3.6.1 The Mega-Prompt Trap

Anti-pattern: Writing enormous, multi-page prompts that attempt to specify every constraint, exception, and edge case in a single instruction.

Why it fails: Frontier models attend to every word (see section 1.5.2). A two-page prompt does not provide twice the guidance; it provides twice the constraints, many of which conflict or force the model into narrow solution paths that preclude better alternatives.

"Yeah, resist the temptation early on. Bloated prompts just confuse the model more than they guide it." -- @glennsc (ACFS community)

What to do instead: Jeff's operational prompts (PL-01 through MT-08) are deliberately short. EX-01 (the main execution loop) is two sentences. EX-04 (post-compaction refresh) is one sentence. The detail lives in AGENTS.md and the bead descriptions, not in the runtime prompt. The prompt sets intent and posture; the project infrastructure provides context.

"All done with 5 word prompts." -- Jeffrey Emanuel (demonstrating with a screenshot)

The rule: If your prompt exceeds 100 words for a routine operation, you are over-specifying. Move the detail into AGENTS.md or the bead description.

3.6.2 Skipping the Plan

Anti-pattern: Jumping directly to code because "we know what we want" or "the plan is in my head."

Why it fails: This is the most expensive anti-pattern. By the time you discover that your architecture is wrong, you have hundreds of committed files that need to be refactored. The refactoring itself introduces bugs. The bugs need debugging. The debugging takes longer than the original planning would have.

From the FLYWHEEL_PLAYBOOK_DEFINITIVE.md:

"Skeleton-first development: 'Just get something working, then improve it.' No. By the time you have something working, the architecture is already compromised and you'll spend 10x longer fixing it than you would have spent planning it right." -- Playbook anti-pattern #1

"Planning tokens are cheap. Code tokens are expensive. Debugging tokens are ruinous." -- The Playbook's foundational premise

The economics: A 6-hour planning session prevents 60 hours of agent chaos. A bad plan wastes multi-agent hours across parallel workers. The 85/10/5 split (planning/implementation/review) is not aspirational; it is the empirically observed ratio from projects that complete successfully.

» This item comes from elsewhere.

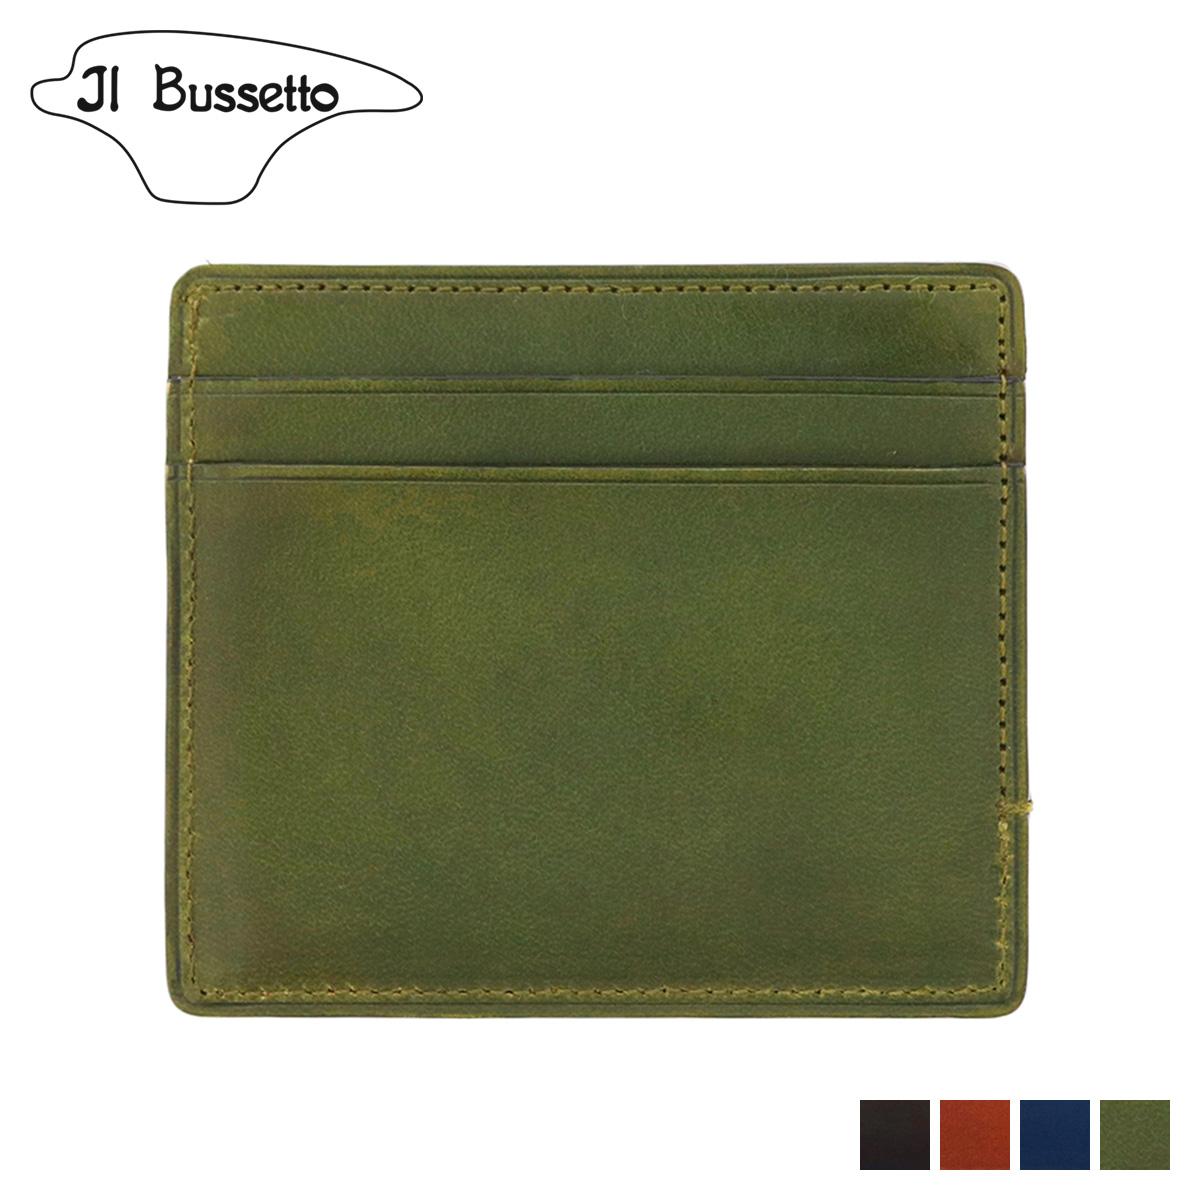 Il Bussetto COMPACT WALLET イルブセット 財布 コインケース 小銭入れ コンパクトウォレット メンズ レディース 本革 ダークブラウン ブラウン ブルー グリーン 781523
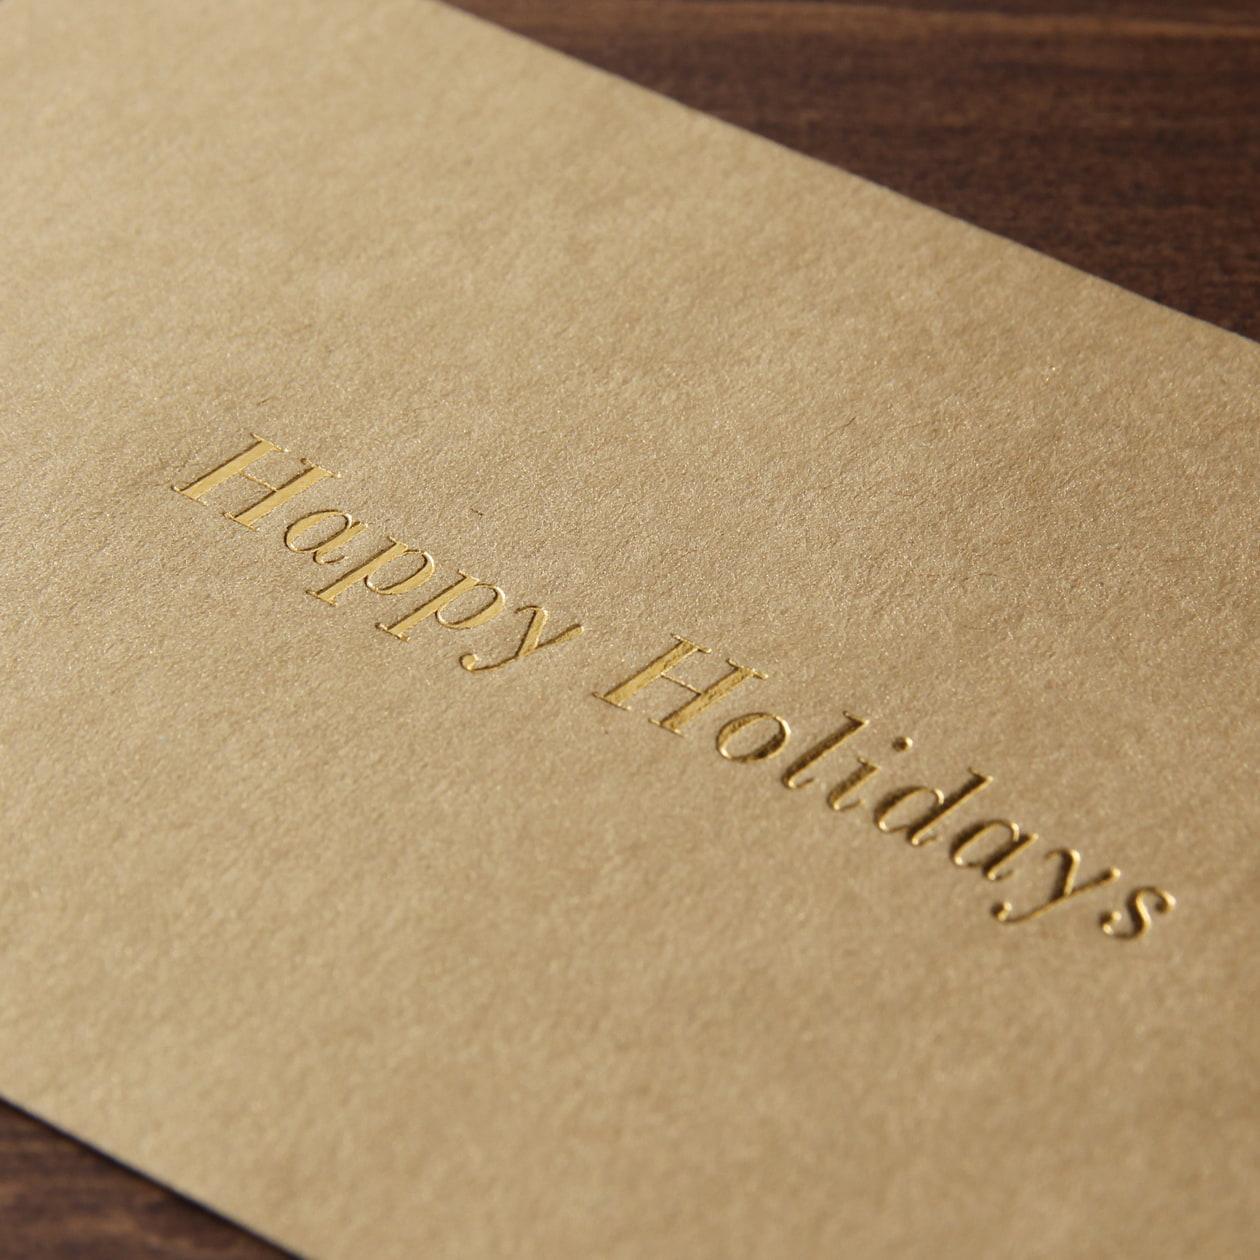 ゴールド箔で特別感を メッセージカード用封筒

What to do instead: Follow the phases in order. Start with a first-principles prompt (PL-01). Run praise rounds (PL-03 through PL-05). Get multi-model feedback (PL-07). Score the plan (minimum 10/16 on the quality rubric). Run the premortem. Only then convert to beads.

3.6.3 Over-Beading

Anti-pattern: Decomposing the plan into hundreds of micro-beads where each bead represents 5-15 minutes of work.

Why it fails: The coordination overhead per bead (claim it, execute it, self-review, report via Agent Mail, close it, pick next) is roughly constant regardless of bead size. When beads are trivially small, this overhead dominates. An agent spends more time in protocol than in implementation.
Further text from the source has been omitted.